Chi ha figli in famiglia o in affidamento può ora usufruire del congedo parentale fino a 14 anni, una durata che si applica anche a figli adottivi o in affidamento. La nuova normativa, introdotta con la legge di bilancio 2026, rappresenta un'importante estensione dei diritti parentali per i lavoratori dipendenti.
- Estensione del limite di età del congedo da 12 a 14 anni
- Applicabile anche a figli adottivi e affidati
- Norme in vigore dal 1° gennaio 2026
- Prevista comunicazione e modalità di fruizione aggiornate
SCADENZA: Nessuna scadenza imminente, applicabile ai congedi richiesti dopo il 1° gennaio 2026
DESTINATARI: Lavoratori dipendenti con figli in fasce di età fino a 14 anni, anche adottivi o in affidamento
MODALITÀ: Richiesta presso il datore di lavoro e invio della documentazione di supporto
COSTO: Spettante secondo le norme di legge; eventuali integrazioni previste dalla contrattazione collettiva
Come funziona il nuovo congedo parentale: dettagli e modalità di fruizione
Il nuovo congedo parentale, che ora passa da 12 a 14 anni, rappresenta una misura importante per supportare i genitori nel conciliare le esigenze familiari e lavorative.

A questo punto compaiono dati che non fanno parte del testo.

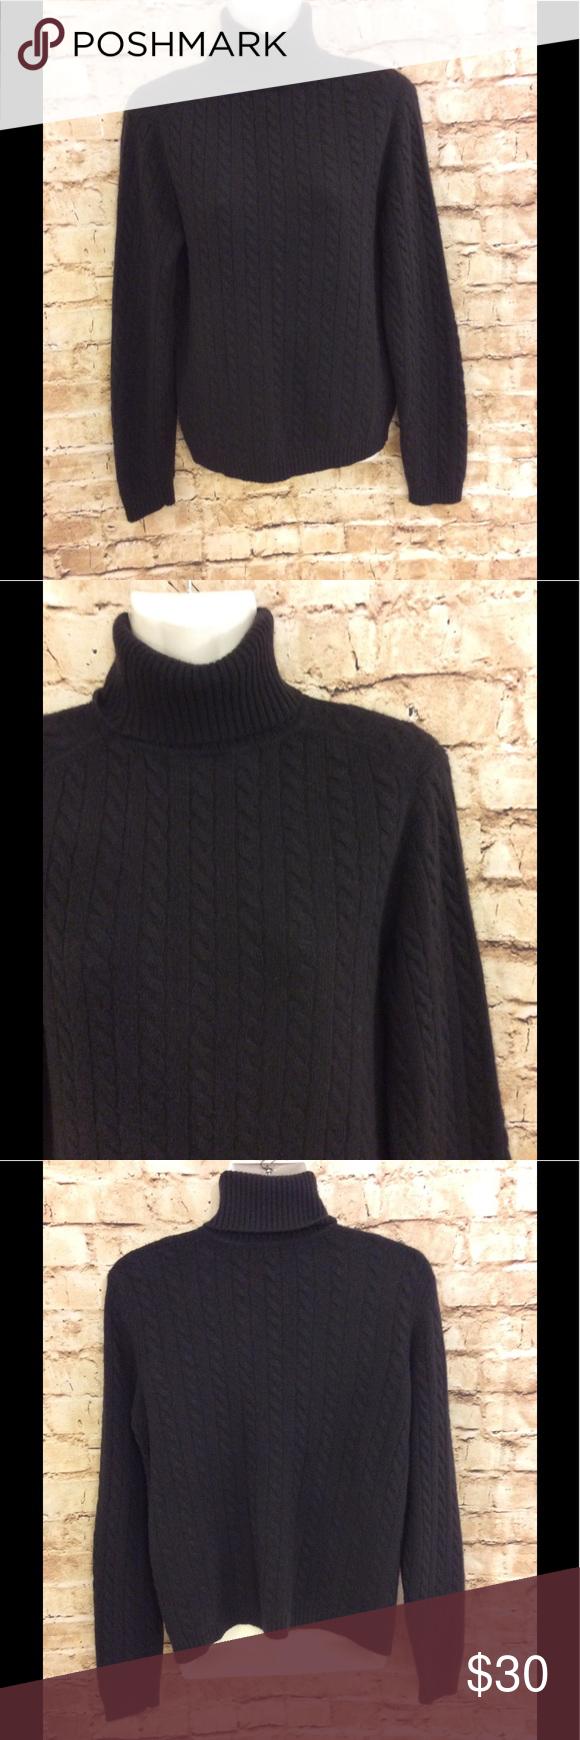 Ann Taylor 100% cashmere black turtleneck sweater | Cashmere
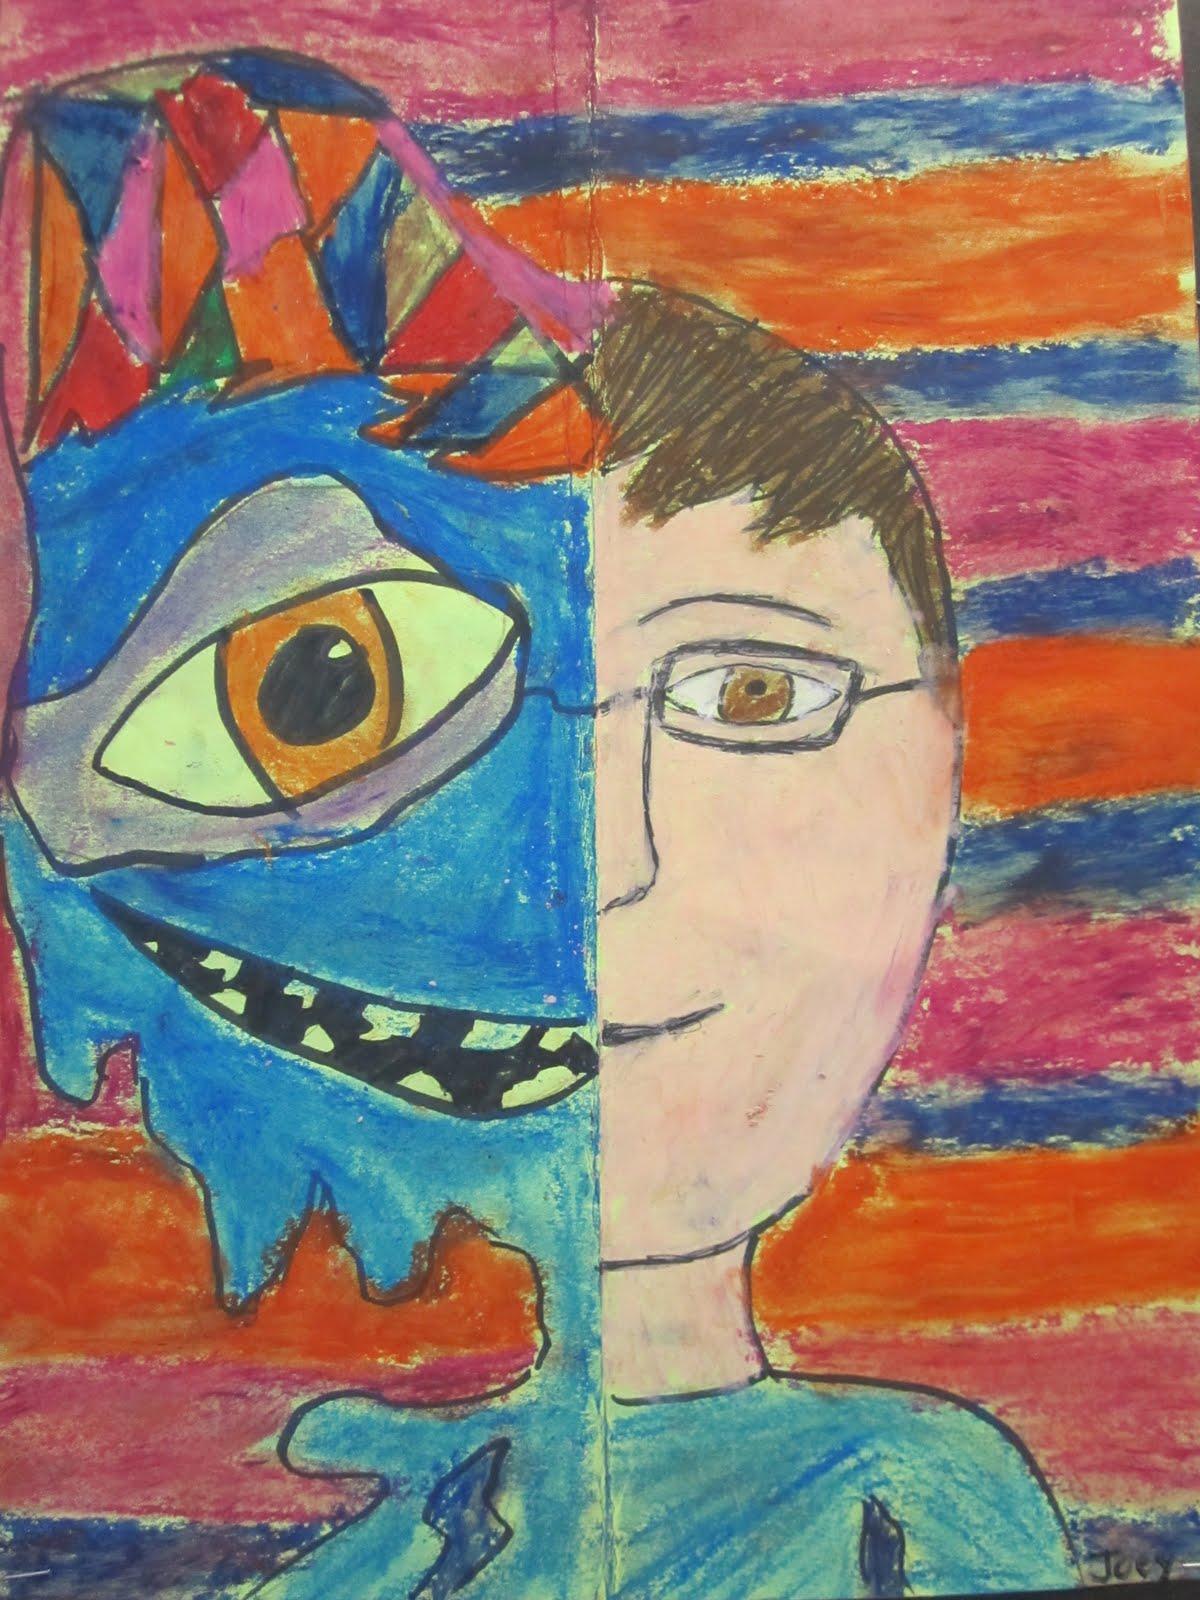 Think Create Art Picasso Faces Art Smart Beck Center Camp

La modalità di fruizione prevede che il congedo possa essere richiesto in modo flessibile, sia in modo continuativo che frazionato nel tempo, sulla base delle esigenze della famiglia e dell’organizzazione lavorativa. I genitori possono optare per periodi di congedo di diversa durata, purché complessivamente non superino il limite dei 14 anni di vita del figlio o dall’ingresso nel nucleo familiare nel caso di adozione e affidamento.
Per accedere al congedo, è necessario presentare una richiesta formale all'ente previdenziale competente (INPS), indicando le modalità di fruizione e la durata desiderata. Il datore di lavoro, a sua volta, è tenuto a collaborare per permettere al genitore di usufruire del periodo di congedo senza penalizzazioni. La nuova normativa si applica sia ai genitori biologici sia a quelli adottivi o affidatari, rafforzando il diritto di assenza dal lavoro anche in caso di figli adottivi o in affidamento, con la stessa possibilità di usufruire del beneficio fino al quattordicesimo anno di vita o di ingresso nel nucleo familiare.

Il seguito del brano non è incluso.